I haven't been in the habit of doing book reviews, but this is the must-read story told in "The Great Deception" by Christopher Booker and Richard North. Any student of EU law is already aware that the major accomplishment of the "European project" has been the massive accretion of power to a distant, unelected elite. On some level, elected officials were aware that plans to turn over their country's treasury and independence to an appointed technocracy would be a tad controversial. So another prominent feature of The European Project has been the Orwellian euphemisms that fill officials' statements, to obscure the magnitude of their betrayal.

In the name of progress, Europe's parliamentary democracies are now subject to the ever-tighter grip of a capricious, secretive aristocracy. Why supranationalism should be the panacaea for plain old European nationalism has never been clear: in the end, it still results in tyranny. The Eurocrats won't be the masters for long, however, not at the rate Islamists are colonizing Europe -- a takeover encouraged, facilitated, and applauded by the elites themselves. Not since the decay of the Roman Empire has there been a ruling class so hungry for power, yet so careless with it.

Some Europeans tell me that Europeans and Americans shouldn't fight, because we share the same fundamental values. I appreciate the conciliatory gesture, but really, we don't. Beyond democracy and free speech -- which in Europe are increasingly being converted from tangible rights into theoretical ideals -- Americans demand transparency and accountability, and would have rebelled long before such a "project" got so far. The Kyoto Protocol, as well as Bush's "guest worker" program, are just such anti-democratic bilge, and in America, that dog don't hunt.
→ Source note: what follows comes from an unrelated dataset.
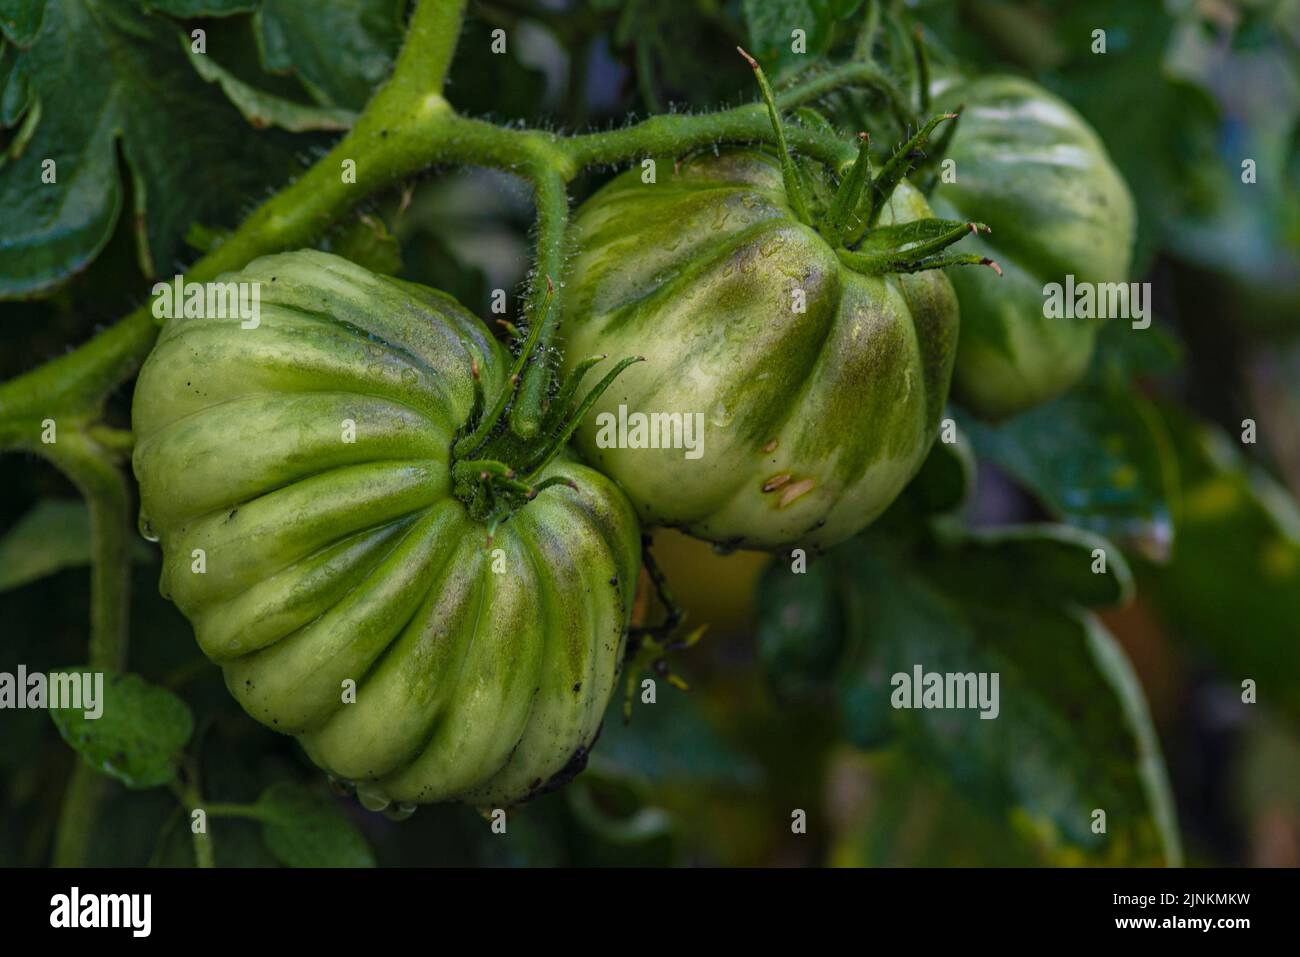 Tomato plants in greenhouse Green tomatoes plantation. Organic farming, young tomato cluster plants growth in greenhouse. concept,poster, screensaver, Stock Photo
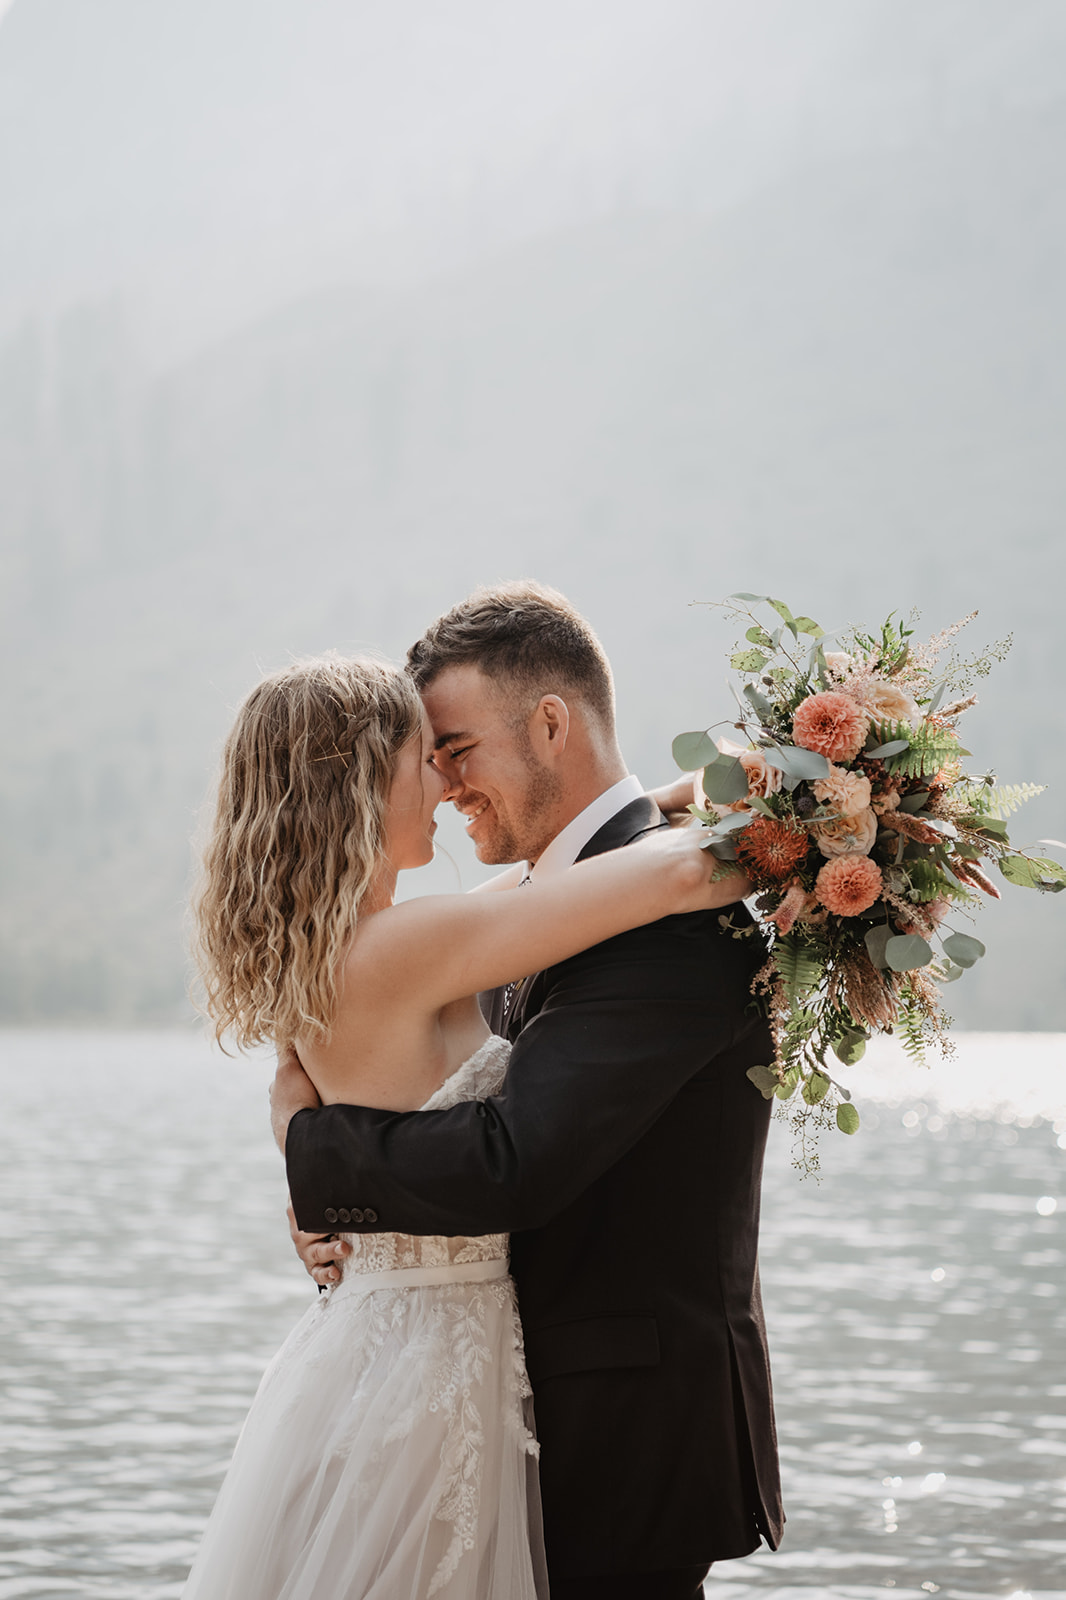 bride and groomin the Grand Tetons planning to elope as they stand at a lake embracing each toher and looking deeply into one another's eyes while the bride holds her pink and cream wedding bouquet over the groom shoudlers

Ultimately, it's not about beliefs, but about disposition. In most countries, ordinary Europeans did not consent to the Brussels dictatorship, but they are not disposed to fight it either. It's true that a majority of French and Dutch voters rejected the EU Constitution last year. But for most of them, it wasn't because it would have extended and consolidated the EU's powers, but because it didn't go far enough. In this key sense, Europeans and Americans have very little in common. Millions of Europeans who sold the clothes off their backs to get to Ellis Island understood this; only the form, rather than the substance, has changed.

This doesn't mean that Americans should shrug and let Europeans lie in the bed they made. As in WWII, American heritage, and American security, depends on extricating Britain from this mess. One author of the abovementioned book, Dr. North, has a blog: go ye and read.